Cardiac valve formation begins with myocardial cells signaling to endocardial cells in the AVC and OFT cushions to undergo epithelial-mesenchymal transformation (transition) (EMT) (de la Pompa and Epstein, 2012). Coordinated by Notch and RBP-Jκ (del Monte et al., 2007; Timmerman et al., 2004), Bmp2 instructs cushion endocardial cells to invade the extracellular matrix and become the cushion mesenchyme (Hinton and Yutzey, 2011), and acting via Snail1/2, the Notch–Hey–Bmp2/4 axis promotes EMT and subsequent completion of valve tissue development (MacGrogan et al., 2011) (Figure 1). Interference with Notch signaling results in abnormal development of the aortic valve and cardiac outflow tract as demonstrated in animal studies (de la Pompa and Epstein, 2012; Garg et al., 2005; Mohamed et al., 2006; van den Akker et al., 2012). As discussed below, BMP2 also mediates aortic valve calcification.

Figure 1.

Diagram of a looped heart expanded to show the outflow tract (OFT) and the atrioventricular canal (AVC) endocardial cushions where epithelial-mesenchymal transition (EMT) occurs and precedes the development of semilunar and atrioventricular valves, respectively. Factors important during cardiac EMT and valve morphogenesis are shown. Myocardium, red; endocardium, blue; extracellular matrix, gray. Bmp, bone morphogenetic protein. Fgf, fibroblast growth factor. sGC, soluble guanylyl cyclase. Tbx, T-box transcription factor. Tgf, transforming growth factor. Adapted with permission from Elsevier.
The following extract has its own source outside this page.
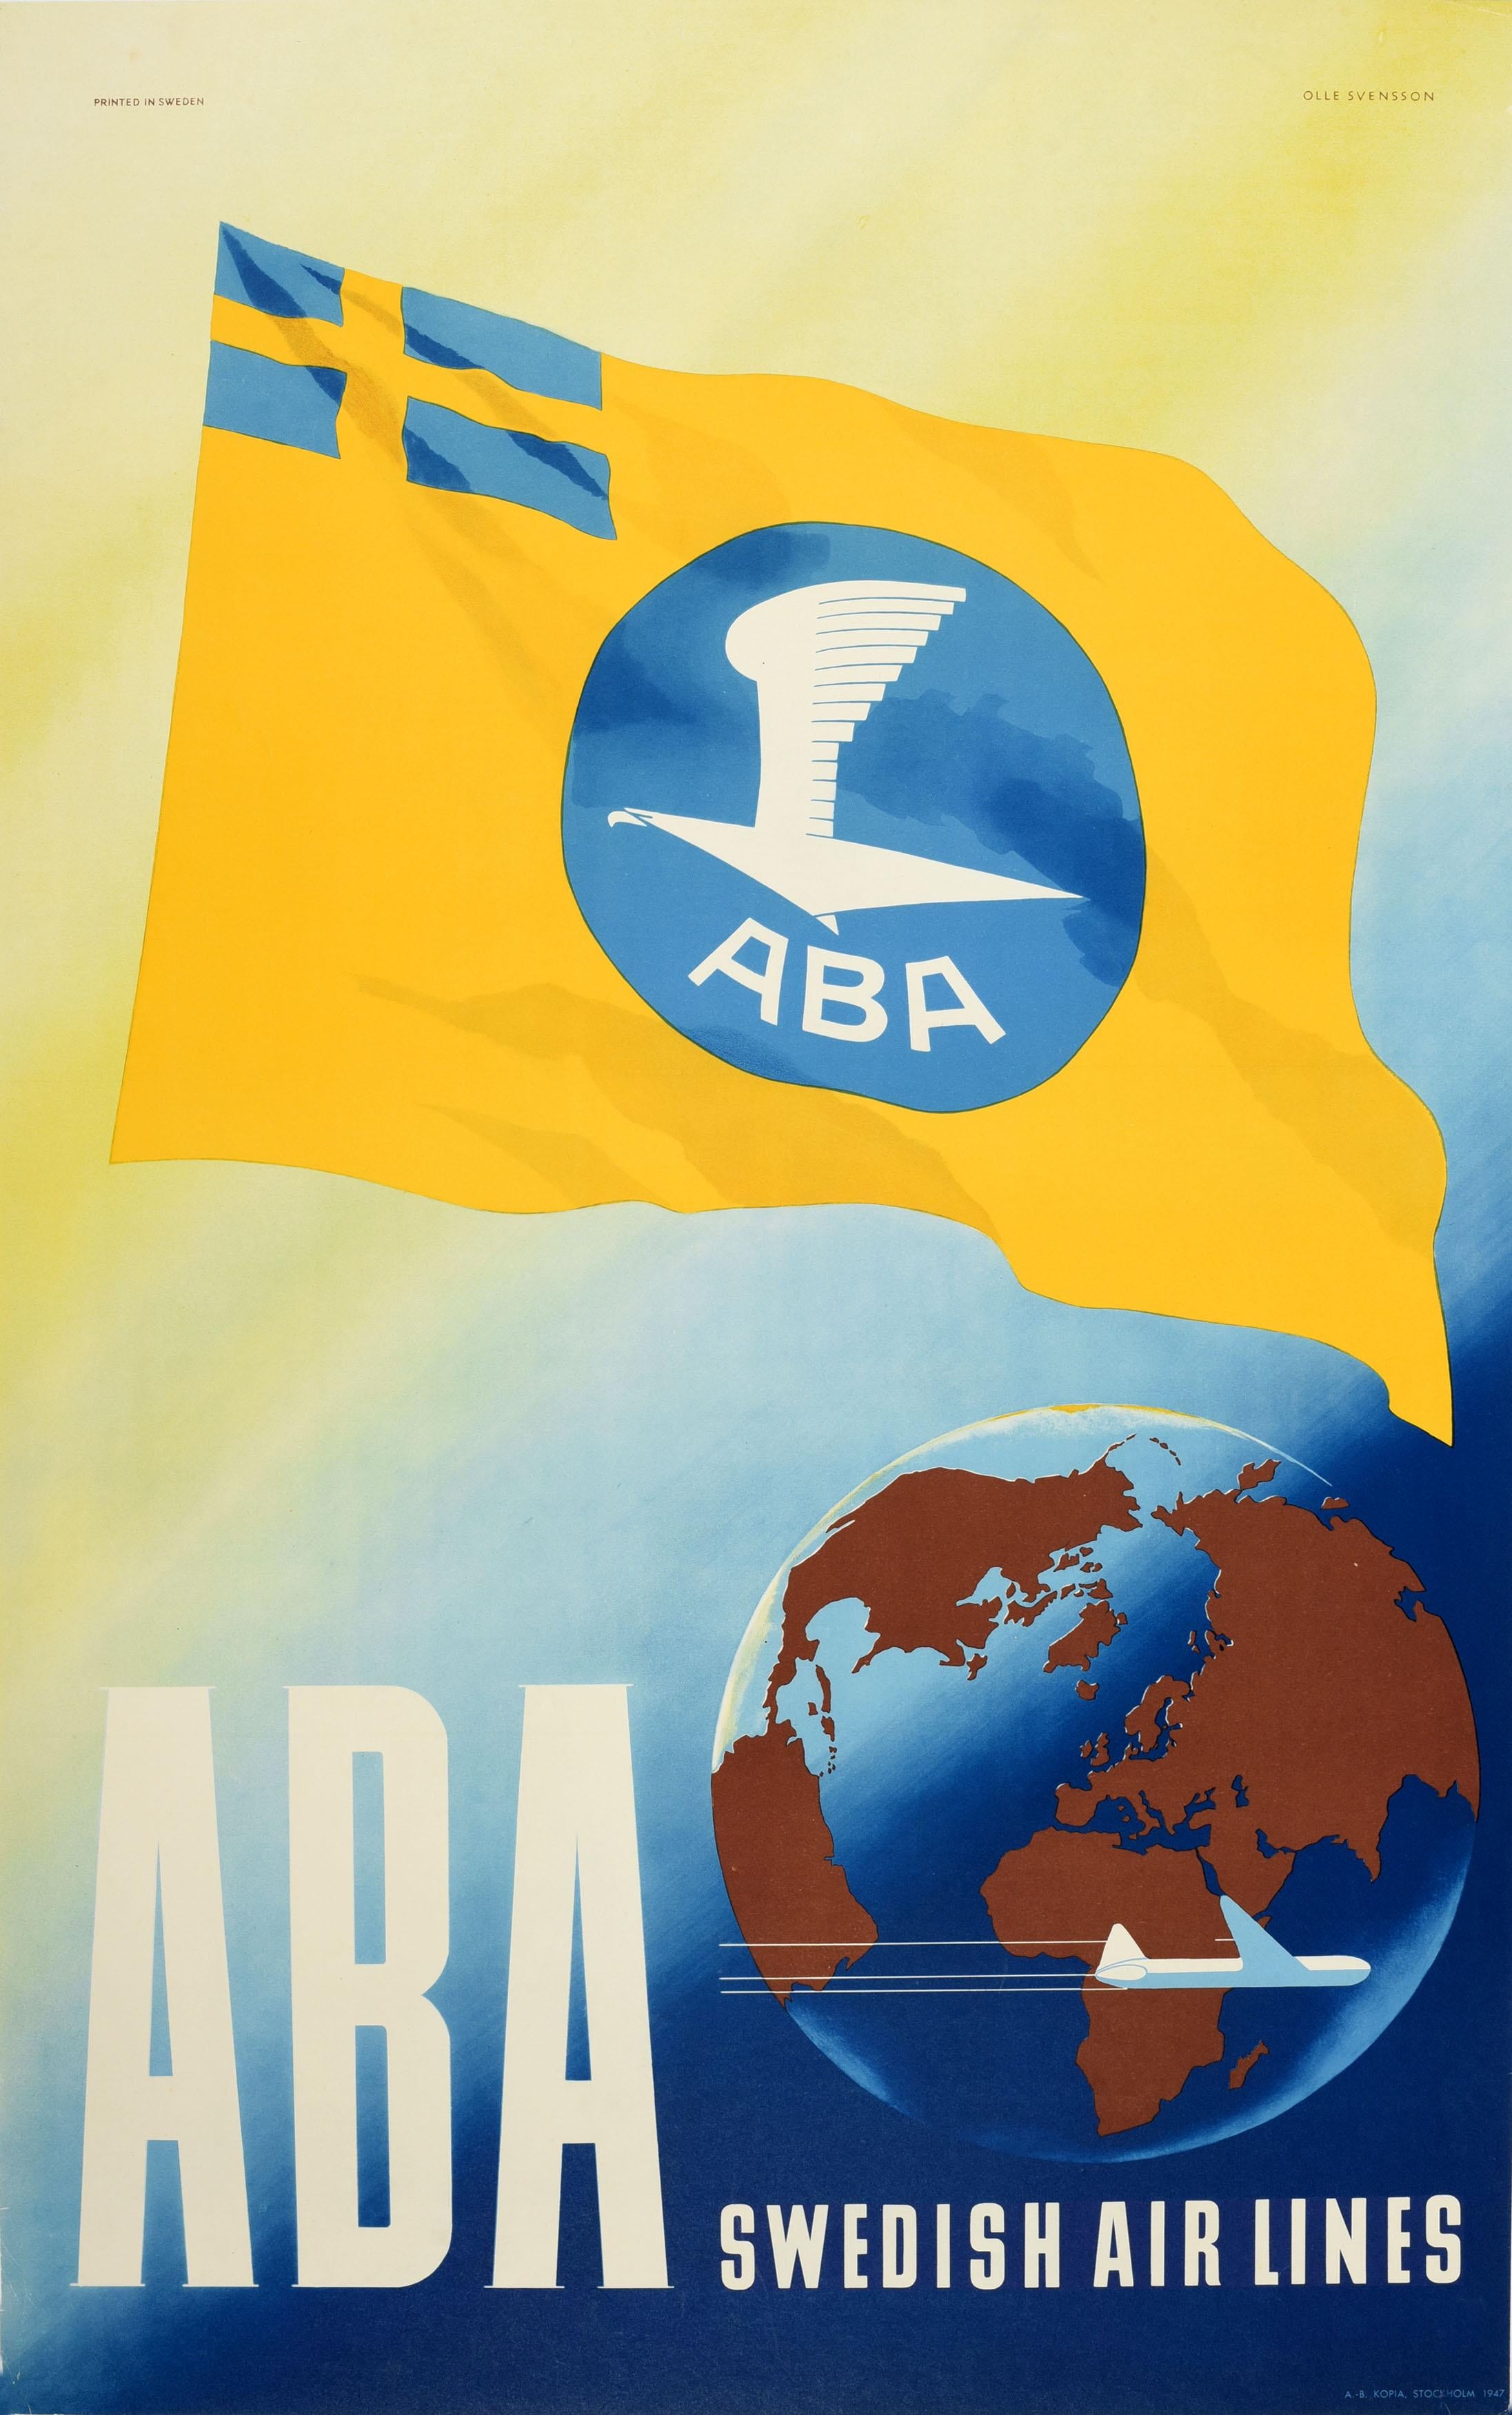 Original-Reisewerbeplakat für ABA Swedish Air Lines (1924-1950; heute Teil der SAS Group / Scandinavian Airlines System). Großartiges Design, das das schwedische blau-gelbe Kreuz mit dem ABA-Logo auf einer gelben Flagge zeigt, die über einer

Bicuspid aortic valve represents one of the most common anomalies of the heart or vessels (Roberts, 1970; Roberts et al., 2012; Ward, 2000), and its association with other anomalies is well recognized. For instance, ~10% of relatives of patients with hypoplastic left heart syndrome have bicuspid aortic valve (Loffredo et al., 2004), and aortic abnormalities such as coarctation of aorta and interrupted aortic arch are present in 20–85% (Presbitero et al., 1987; Stewart et al., 1993) and ~27% (Roberts et al., 2012) of cases, respectively. Individuals with bicuspid aortic valve consistently have dilatation of the ascending aorta (Hahn et al., 1992). As a common variation noted by several investigators (Higgins and Wexler, 1975; Hutchins et al., 1978), a higher incidence of left coronary arterial system dominance (defined by the presence of the posterior descending artery arising from the left circumflex artery, as opposed to the right coronary artery) is observed in patients with bicuspid aortic valve. The phenotypic heterogeneity and overlap suggest common developmental mechanisms and gene networks that closely interact; the extent of the interactions may vary depending on the penetrance of the mutation(s), effect size of the variants, and the interaction between genes and signaling pathway.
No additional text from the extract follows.